I am exploring System.Numerics.Vector with .NET Framework 4.7.2 (the project I am working on cannot be migrated to .NET Core 3 and use the new Intrinsics namespace yet). The project is processing very large CSV/TSV files and we spend a lot of times looping through strings to find commas, quotes, etc. and I am trying to speed up the process.
So far, I have been able to use Vector to identify if a string contains a given character or not (using EqualsAny method). That’s great, but I want to go a little further. I want to efficiently find the index of that character using Vector. I do not know how. Below is he function I use to determine if a string contains a comma or not.

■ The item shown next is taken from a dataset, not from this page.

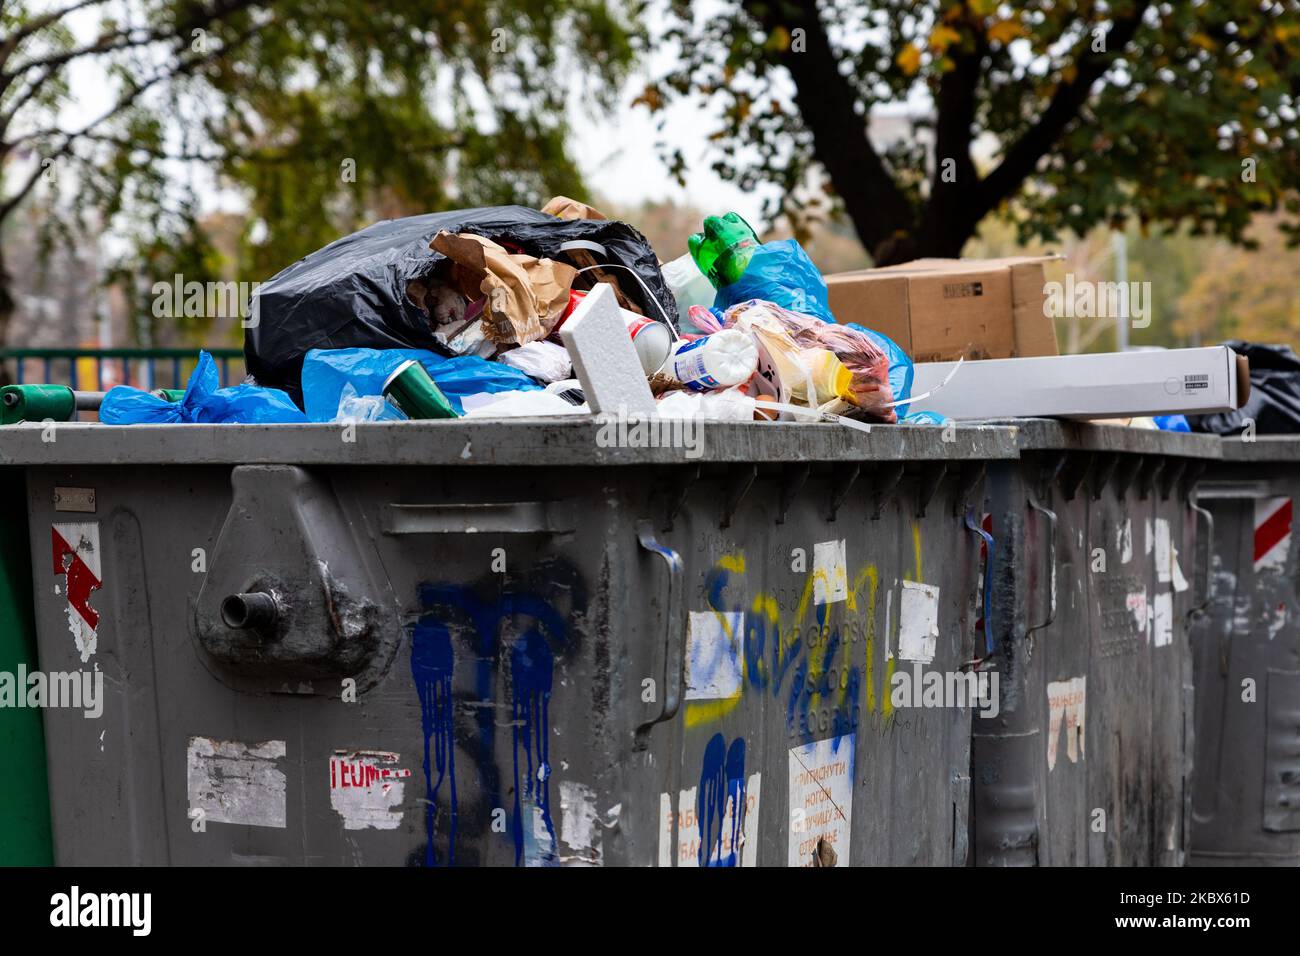 Belgrade, Serbie - 02 novembre 2022 : benne pleine de déchets. Les ordures tombent partout. Arrêter la pollution, commencer le recyclage et sauver notre planète Banque D'Images

private static readonly char Comma = ',';
public static bool HasCommas(this string s)
{
if (s == null)
{
return false;
}
ReadOnlySpan<char> charSpan = s.AsSpan();
ReadOnlySpan<Vector<ushort>> charAsVectors = MemoryMarshal.Cast<char, Vector<ushort>>(charSpan);
foreach (Vector<ushort> v in charAsVectors)
{
bool foundCommas = Vector.EqualsAny(v, StringExtensions.Commas);
if (foundCommas)
{
return true;
}
}
int numberOfCharactersProcessedSoFar = charAsVectors.Length * Vector<ushort>.Count;
if (s.Length > numberOfCharactersProcessedSoFar)
{
for (int i = numberOfCharactersProcessedSoFar; i < s.Length; i++)
{
if (s[i] == ',')
{
return true;
}
}
}
return false;
}
I understand that I could use the function above and scan the resulting Vector, but it would defeat the purpose of using a Vector. I heard about the new Intrinsics library that could help, but I cannot upgrade my project to .NET Core 3.
Given a Vector, how would you efficiently find the position of a character? Is there a clever trick that I am not aware of?